Un proche de Ehud Barak a été plus catégorique
à ce sujet: “Il est impossible, a-t-il déclaré, de
parvenir à une entente sur certains aspects de cette question et
de proclamer que d’autres seront réexaminés dans quelques
années.”
Le fossé séparant les positions d’Israël et de l’Autorité
palestinienne demeure très profond sur le problème de Jérusalem
et, aussi, sur celui des réfugiés palestiniens, l’Etat hébreu
ne voulant pas reconnaître le droit de ces derniers au retour, sauf
pour un petit nombre (sur les trois millions épars à l’étranger)
au titre de la réunification des familles.
Le roi Abdallah II a tenté, vainement, de rapprocher les points
de vue, en proposant que Jérusalem devienne la capitale de deux
Etats. “Sur le plan politique, a dit le souverain, il y a assez de place
dans la Ville sainte pour une capitale israélienne et palestinienne...
Sur le plan religieux, Jérusalem devrait être une ville pour
nous tous.”
Rappelons qu’Israël a annexé en 1967 la partie orientale
de Jérusalem qu’il a proclamée comme sa “capitale éternelle
unifiée”.
NOUVEAU ROUND DE POURPARLERS À EILAT
Dimanche prochain, Palestiniens et Israéliens engageront un
nouveau round de pourparlers à Eilat, en présence de M. Dennis
Ross, coordonnateur américain. Les négociations devront porter
sur le statut final des territoires palestiniens. Deux précédentes
sessions tenues à la station aérienne de Bolling, près
de Washington, n’avaient débouché sur aucun résultat.
Les deux parties doivent, en principe, parvenir à un accord-cadre
le 13 mai et, le 13 septembre, à un règlement de paix définitif.
En plus de leur désaccord sur Jérusalem et les réfugiés
palestiniens, les deux parties ne parviennent pas à s’entendre sur
le statut des colonies de peuplement et les frontières du futur
Etat palestinien.
Tout indique que Palestiniens et Israéliens continueront à
tourner en rond, sans aplanir les obstacles qui empêchent l’instauration
de la paix, laquelle paraît, aujourd’hui, aussi insaisissable qu’un
mirage dans le désert...
CHAREH MET PARIS EN GARDE CONTRE LES MACHINATIONS
D’ISRAËL
En quittant le palais de l’Elysée, mercredi, au terme d’un long entretien avec le président Jacques Chirac, M. Farouk Chareh a mis la France en garde contre les machinations d’Israël et l’envoi d’un contingent devant faire partie de la force multinationale à déployer le long de la frontière libano-israélienne.

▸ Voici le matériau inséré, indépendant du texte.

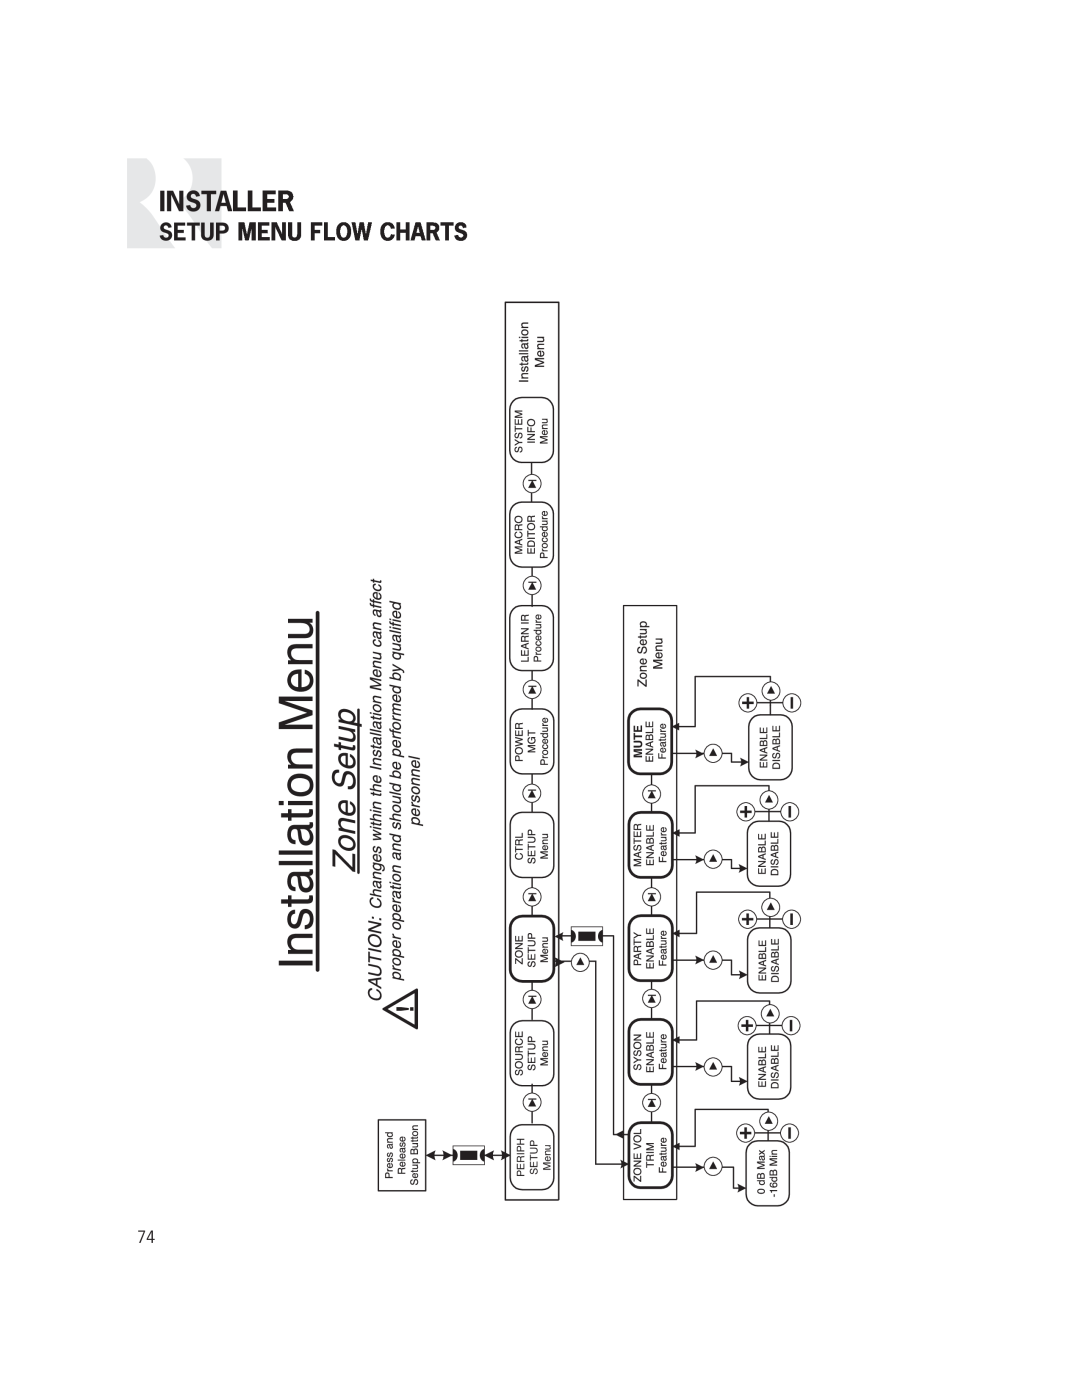 Russound CAM6.6X-S1/S2 instruction manual Installer, Setup Menu Flow Charts, Mute

Le chef de la diplomatie syrienne a accusé l’Etat hébreu
d’avoir adressé à M. Kofi Annan, secrétaire général
des Nations Unies, pour l’informer de sa décision de retirer ses
forces de la zone frontalière, deux copies d’une lettre aux termes
différents: la première faisait état “d’un retrait
inconditionnel jusqu’à la frontière internationalement reconnue”,
alors que la seconde ne faisait pas mention de ce point précis.